Data provided:
▼

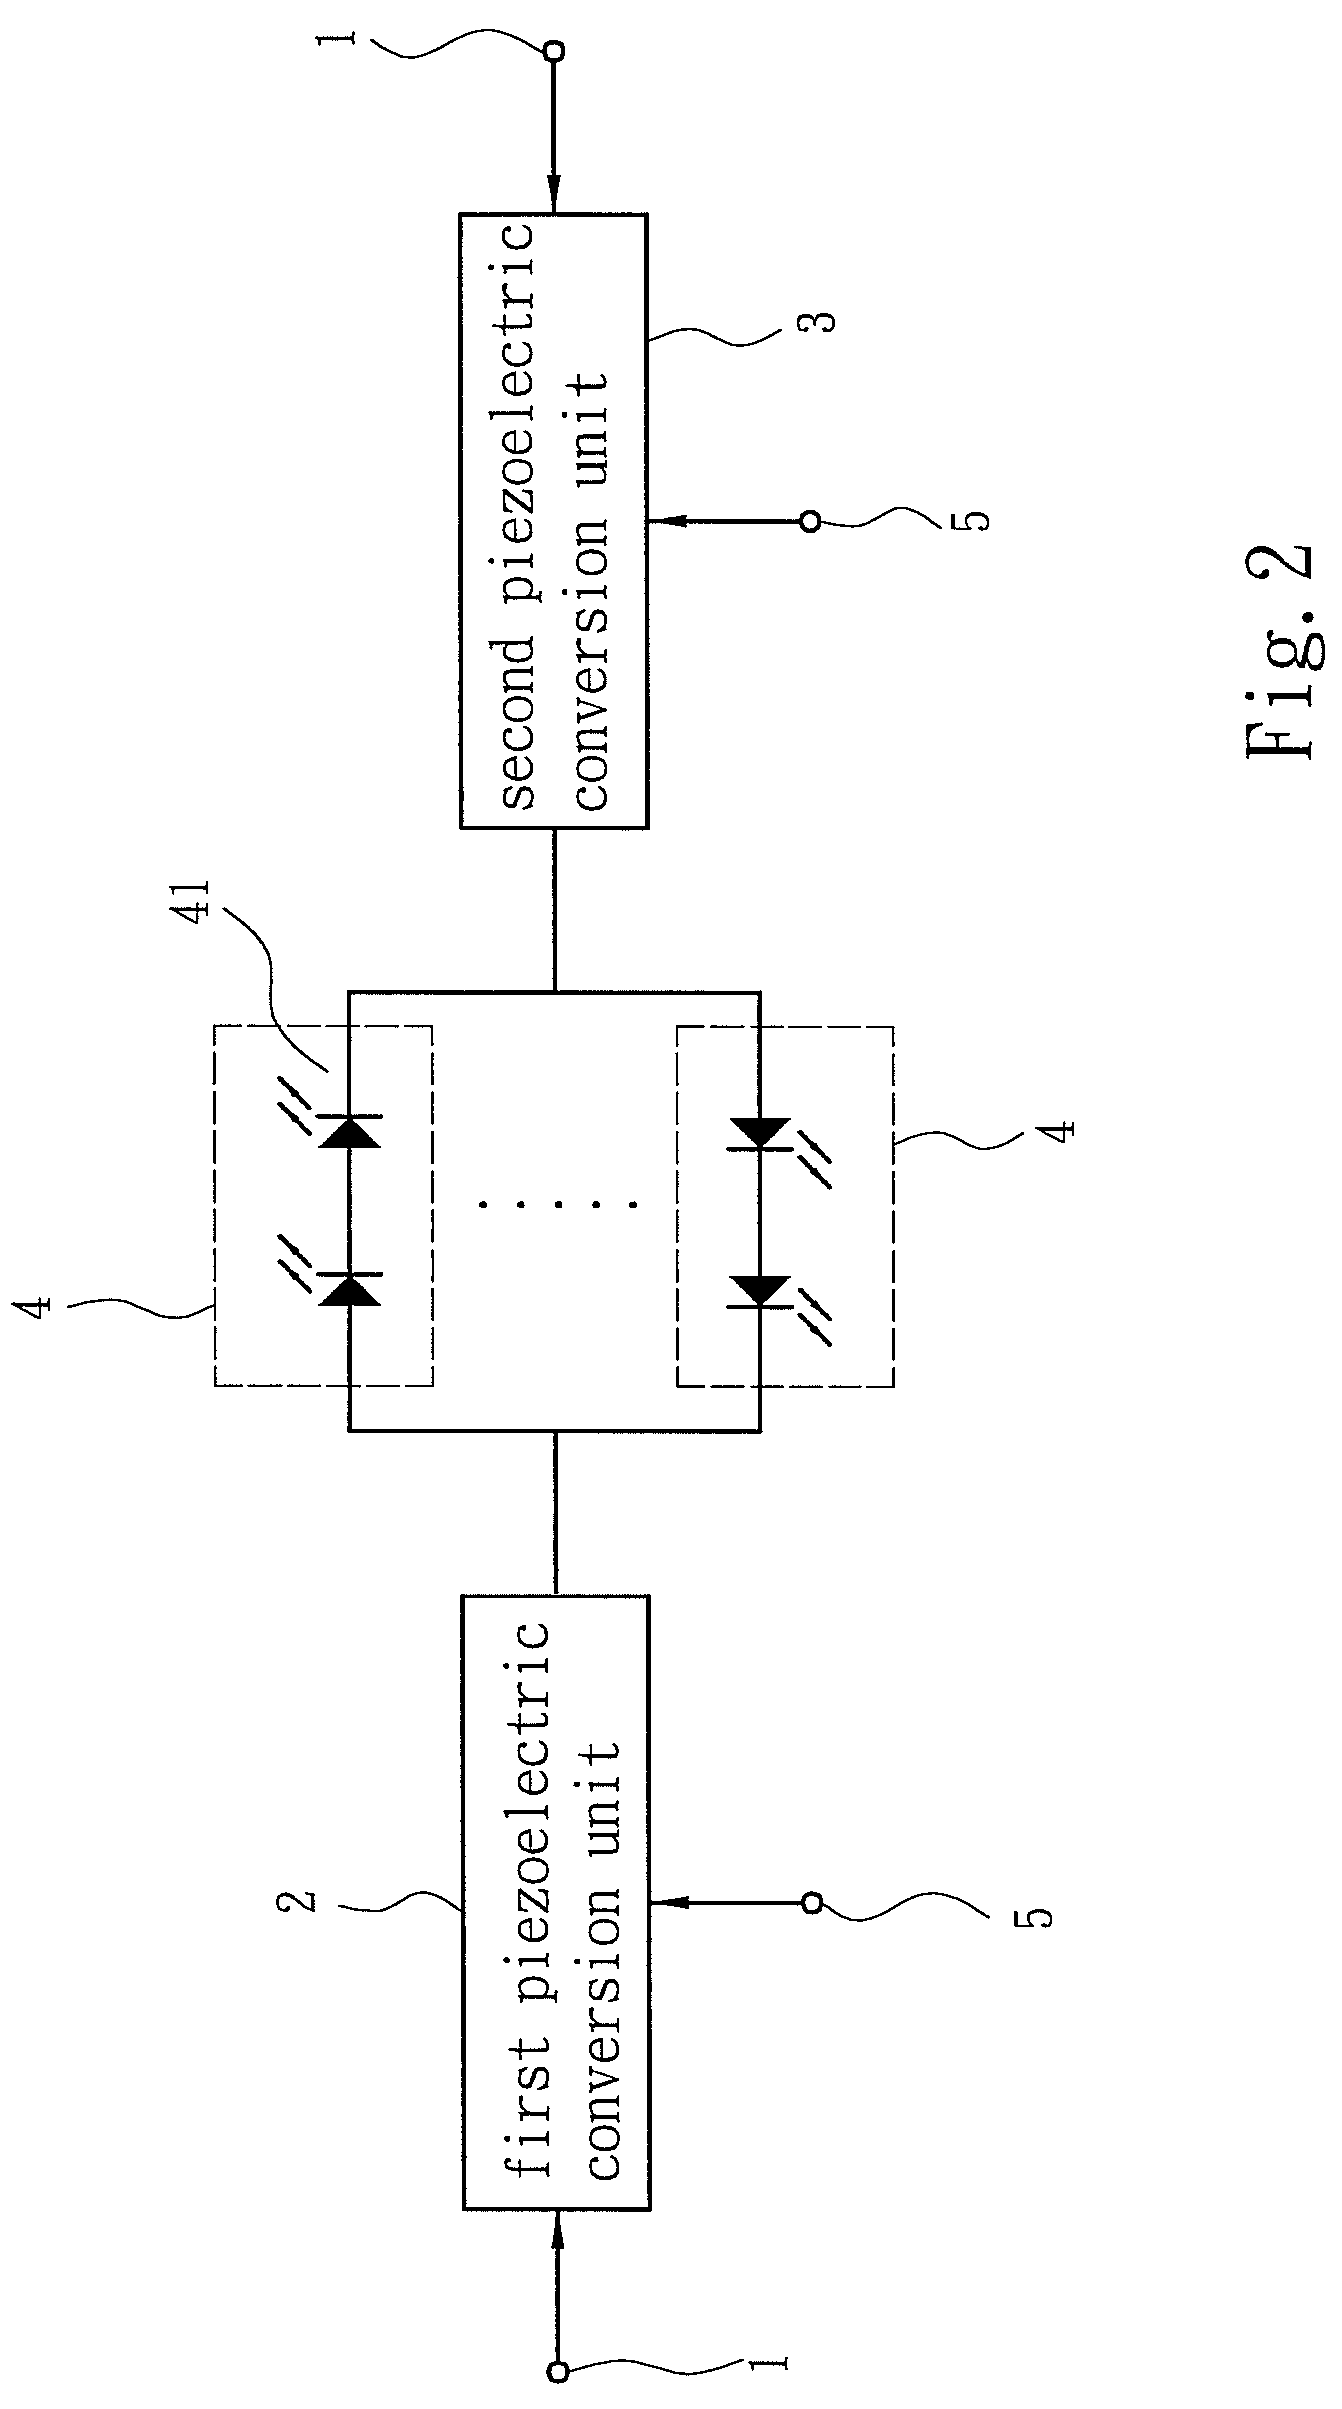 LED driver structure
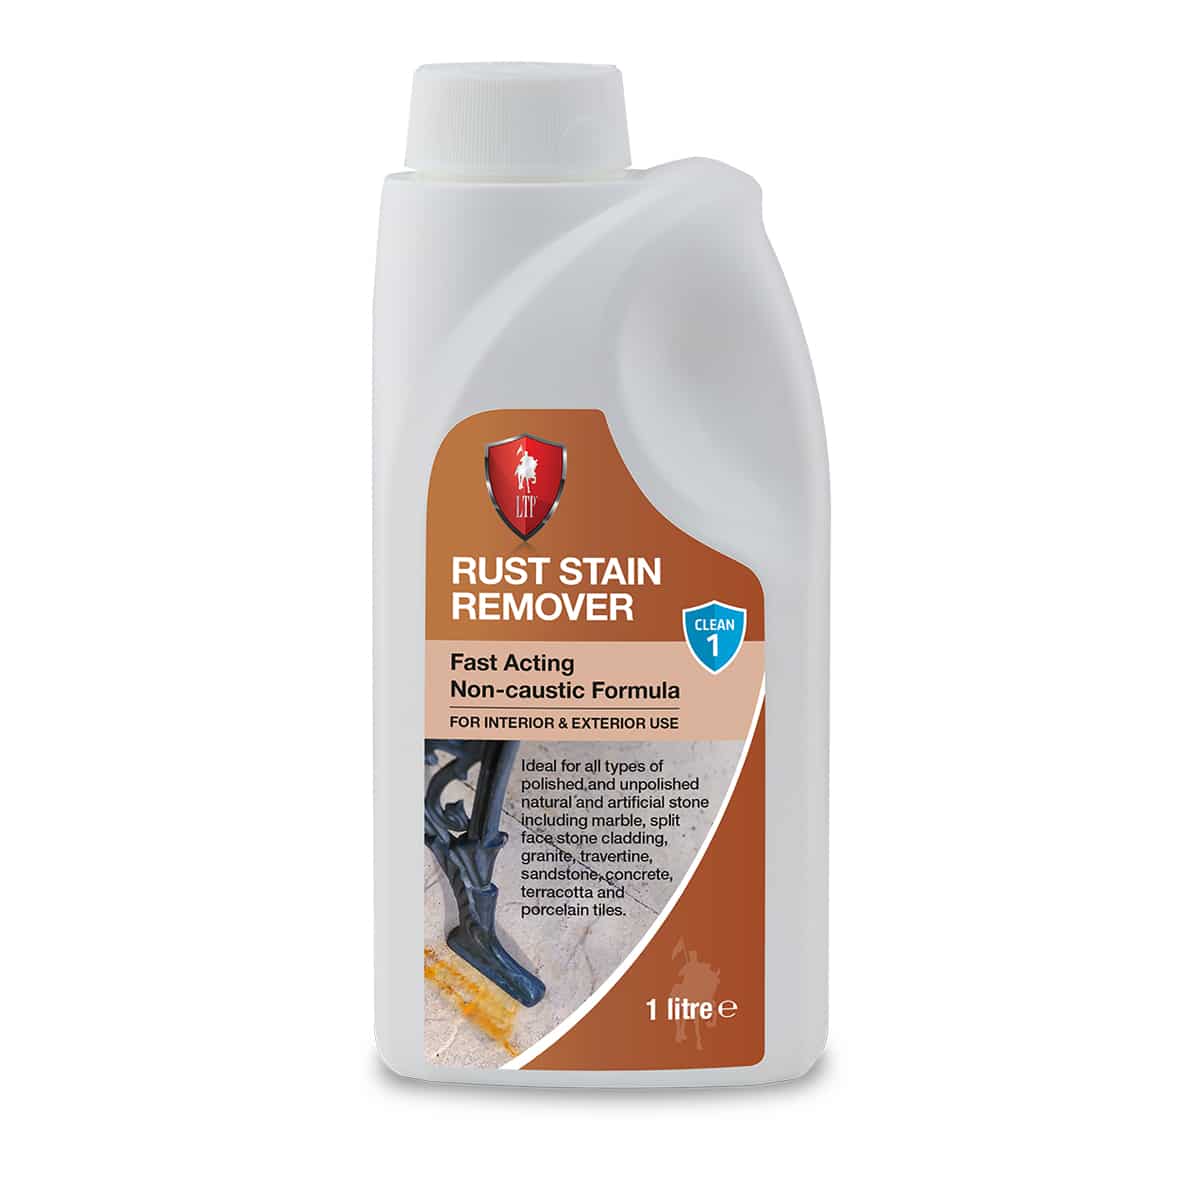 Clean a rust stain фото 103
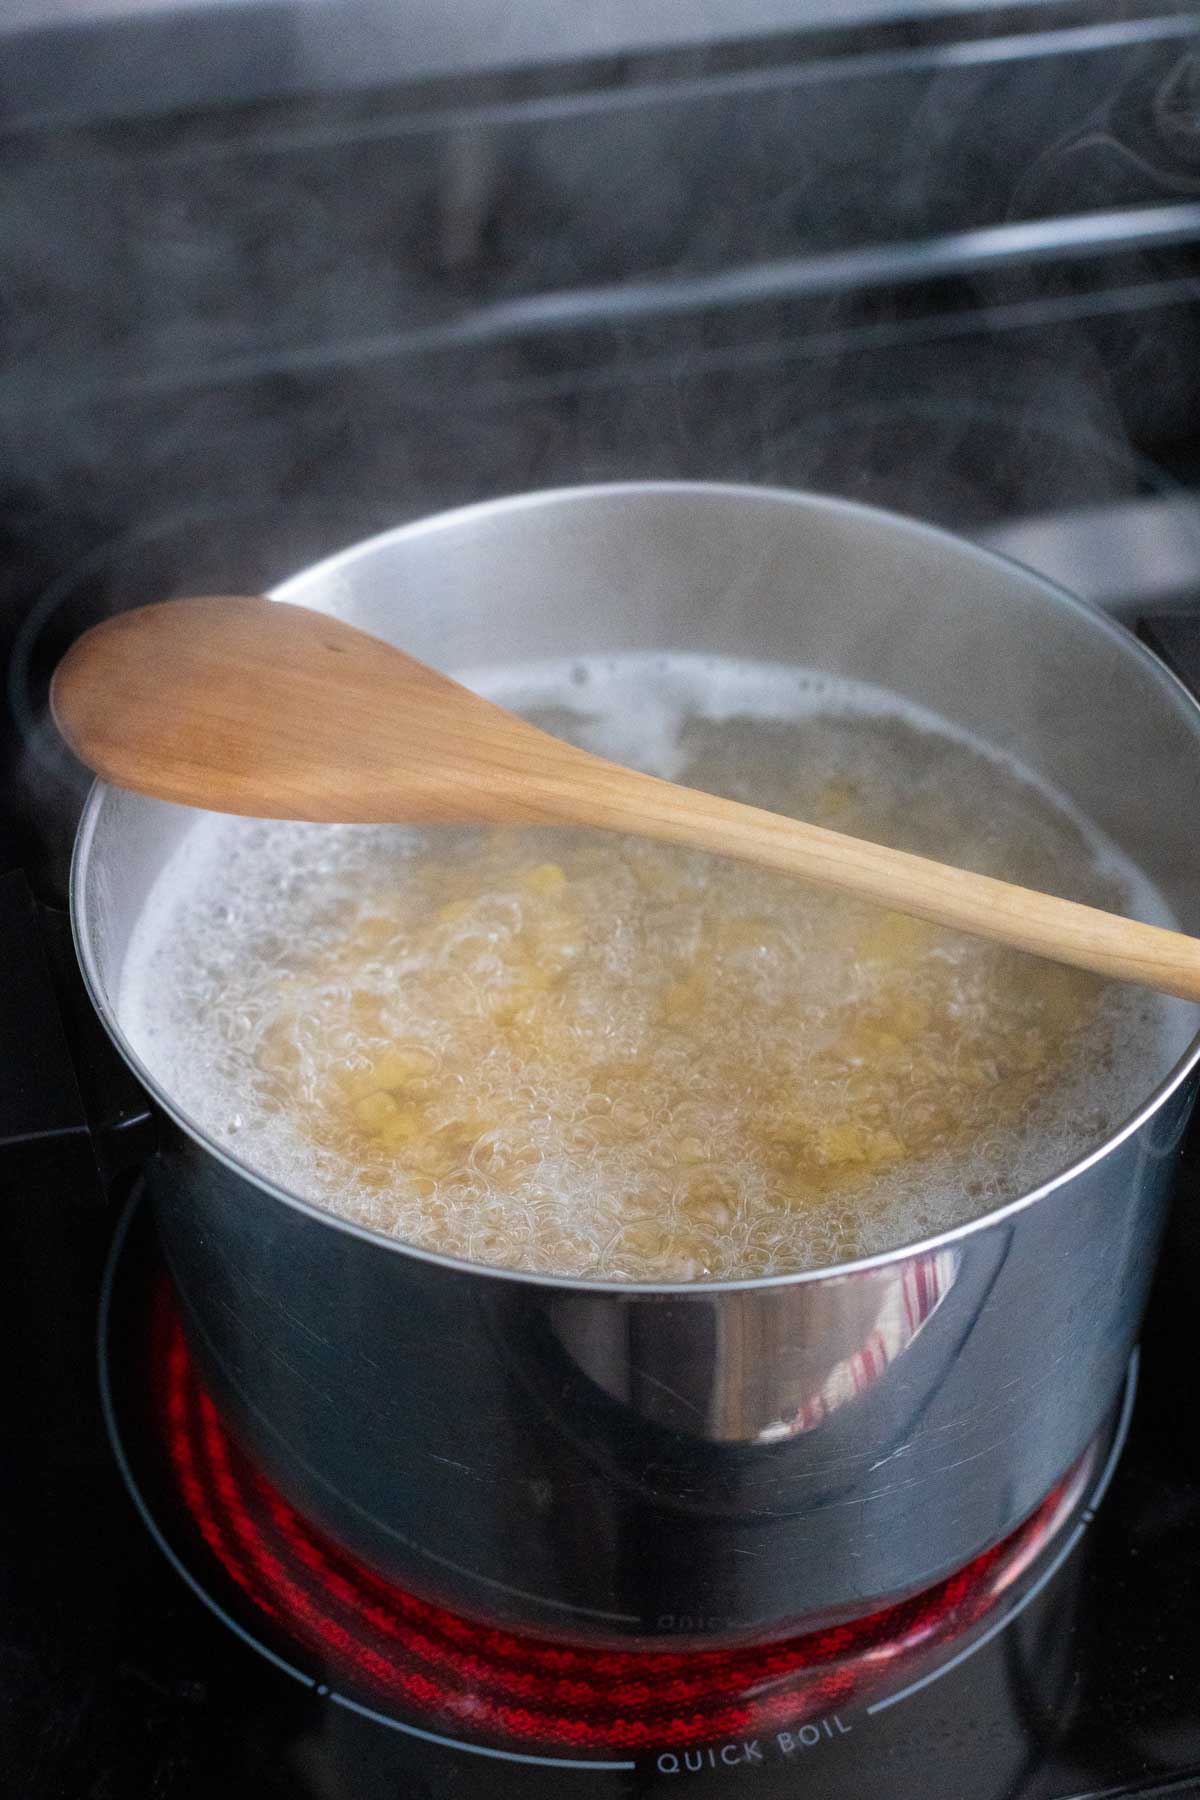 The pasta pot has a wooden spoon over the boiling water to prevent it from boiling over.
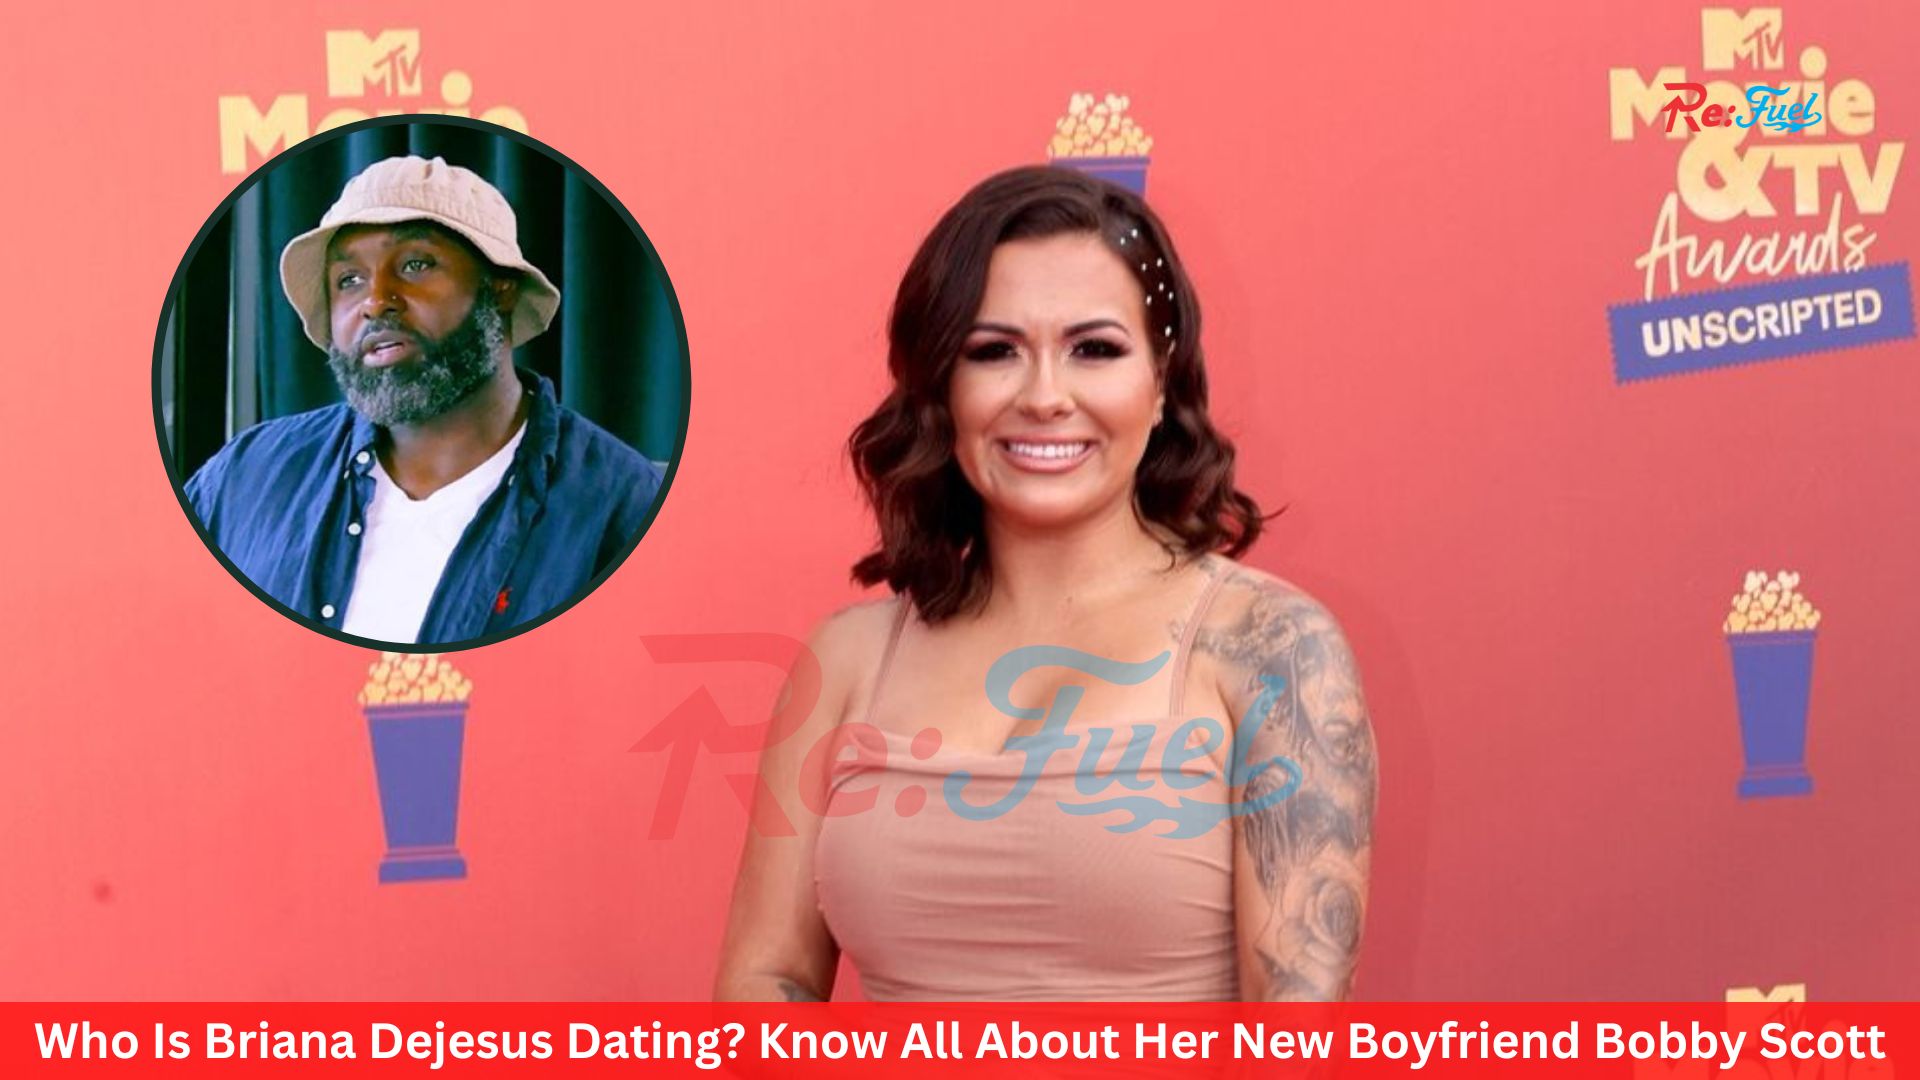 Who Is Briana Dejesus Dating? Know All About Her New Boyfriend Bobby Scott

▲

About this task:
Please retype the listing above word for word, skipping each picture.

Completed task:
 LED driver structure
 Clean a rust stain фото 103
 The pasta pot has a wooden spoon over the boiling water to prevent it from boiling over.
 Who Is Briana Dejesus Dating? Know All About Her New Boyfriend Bobby Scott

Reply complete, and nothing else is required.